El matrimonio de élite – Capitulo – ¿Te atreves a dudar?
Después de que ella dijo esas palabras, sintió que estaba siendo irrazonablemente pretenciosa. Se volvió tímidamente para averiguar si Yan Rusheng había sentido algo.
Yan Rusheng era un hombre astuto, y nada podía escapar de él.
Cuando Xuxu se dio la vuelta de repente, al instante cerró sus ojos en forma de flor de durazno, dejando solo una leve sonrisa en su rostro. Uno no hubiera notado esto fácilmente.
Xuxu vio sus ojos cerrados y asumió que no había detectado la insinuación de celos en sus palabras anteriores.
"Hoy, ¿no estás …?" Ella intentó cambiar de tema cuando Yan Rusheng de repente abrió los ojos.
En el momento en que lo hizo, Xuxu se dio cuenta de lo cerca que estaban sus cuerpos, a una distancia de unos pocos centímetros entre sí.
Tan ridículamente cerca que podía ver cada poro en su rostro y sentir su aliento.
Yan Rusheng frunció el ceño ligeramente. "Wen Xuxu, ¿cómo puede haber una mujer como tú? Empujando a tu esposo a los brazos de otras mujeres".
Si no fuera por el tinte de los celos en su voz, él se habría acercado y lo habría hecho con ella.
Esta mujer tonta no podría ser mimada más, o sería aún más pomposa.
Empujando a tu marido a los brazos de otras mujeres ".
"No te estaba empujando". Xuxu se mordió los labios y dudó por un momento antes de continuar, "Pero, ¿tengo derecho a controlarte?"
Incluso si ella tuviera el derecho, él tampoco le permitiría que lo ejercitara.
Si ella tuviera un lugar en su corazón, no habría necesidad de controlarlo.
Wen Xuxu, ¿tienes fiebre o eres mental? No puedo creer que estés cultivando un corazón expectante.
"Si estás dispuesto, entonces te daré este derecho".
La tierna y encantadora voz de Yan Rusheng sonó en sus oídos. Esto era como un sueño hecho realidad, pero ella no tenía el coraje de escucharlo más.
Sintiéndose incómoda, luchó por liberarse y se retiró de su abrazo. En un instante, rodó hacia el otro lado de la cama y se bajó.
"Estoy despierto ahora. Visitaré el orfanato con Zhou Shuang hoy".
Xuxu le informó mientras caminaba hacia el armario.
Yan Rusheng se incorporó perezosamente y se apoyó contra la cabecera. Tranquilo y tranquilo, miró a la pequeña mujer cuya espalda estaba frente a él. Su pequeño cuerpo estaba vestido con una bata de baño de gran tamaño mientras estaba de pie en el suelo de madera de color marrón oscuro. Hacía que uno se sintiera como si la protegiera.
"Hazme compañía y duerme un poco. No tengo ganas de ir a trabajar hoy". Originalmente tenía la intención de volver a la oficina este fin de semana. Pero como se sentía alegre hoy, de repente pensó en quedarse en casa con ella.
O haga lo que otros maridos harían normalmente: acompañar a su esposa para ir de compras.
Siempre y cuando él pudiera estar con ella.
Xuxu se detuvo cuando escuchó esto. Ella no sabía cómo responder a su sincera petición.
De hecho, era raro que descansara un fin de semana. Incluso si estuviera en casa, estaría encerrado en la sala de estudio todo el día.
Aunque habían estado compartiendo la misma cama por algún tiempo, pero cada mañana, él ya estaba lejos de su lado cuando ella abrió los ojos …

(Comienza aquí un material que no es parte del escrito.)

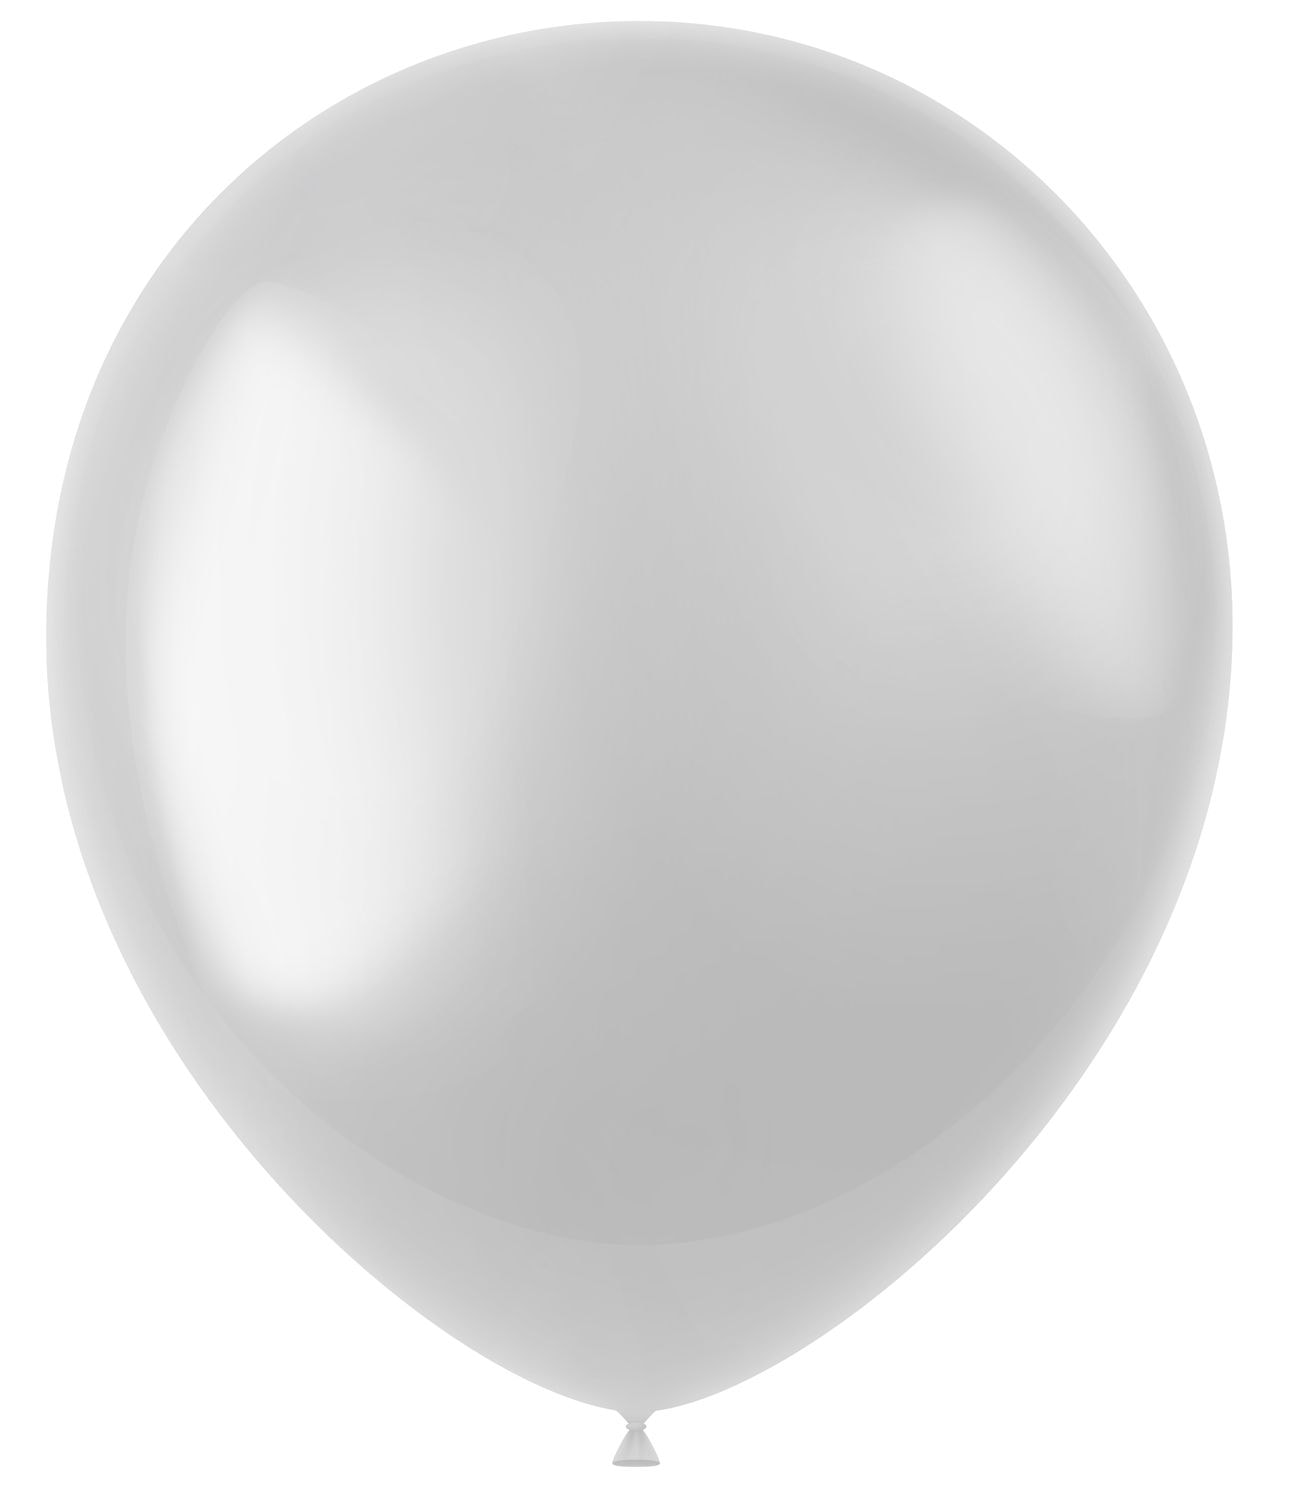 50 metallic ballonnen pearl white 33cm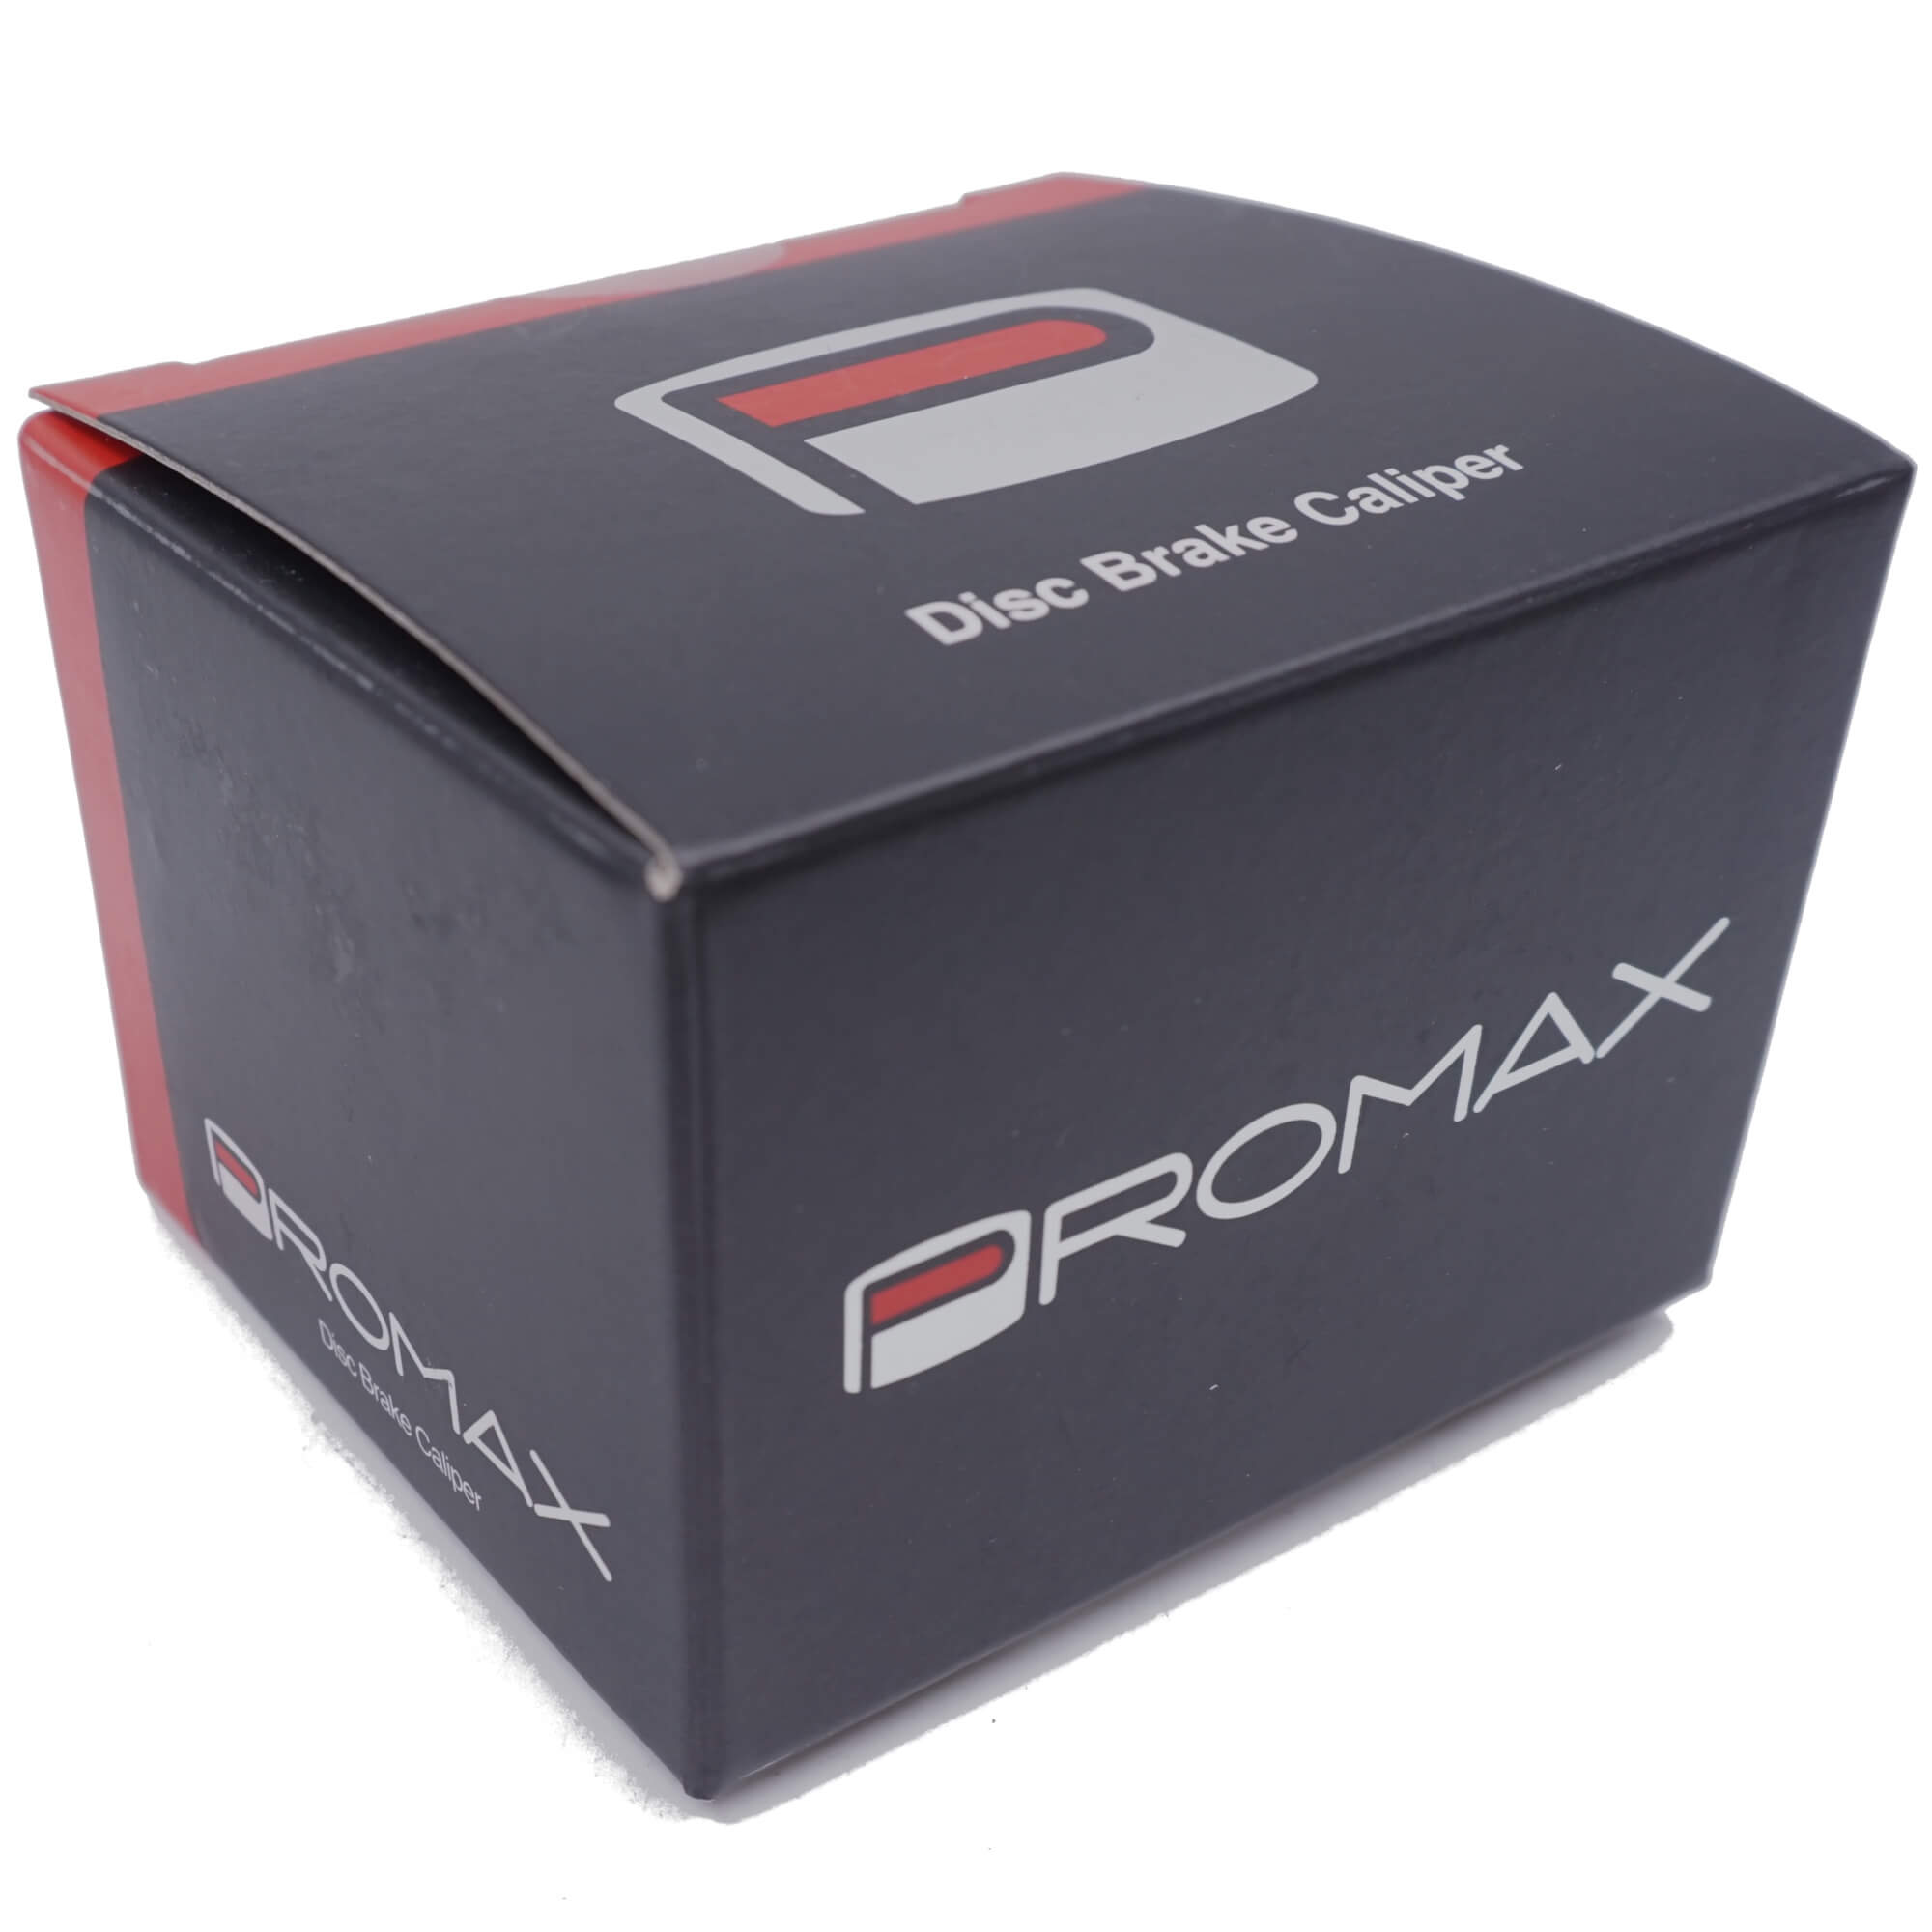 Promax Render DSK-717 Mechanical Disc Brake Caliper

Sí, de hecho, un día como hoy fue muy difícil de encontrar.
"Wen Xuxu, quiero que vengas aquí y duermas conmigo, ¿y te atreves a dudar?"
El temperamento imperioso de Yan Rusheng se estaba gestando. Al escuchar un ligero cambio en su tono, Xuxu tuvo que pensar en sus pies.
Se dio la vuelta y frunció el ceño. "Tengo hambre. Quiero bajar por algo de comida".
En cualquier caso, simplemente no quería recostarse en esa cama, sabía con qué facilidad se había olvidado de frente a Yan Rusheng.
Yan Rusheng no le hizo las cosas difíciles y le respondió con calma: "Entonces, vamos juntos".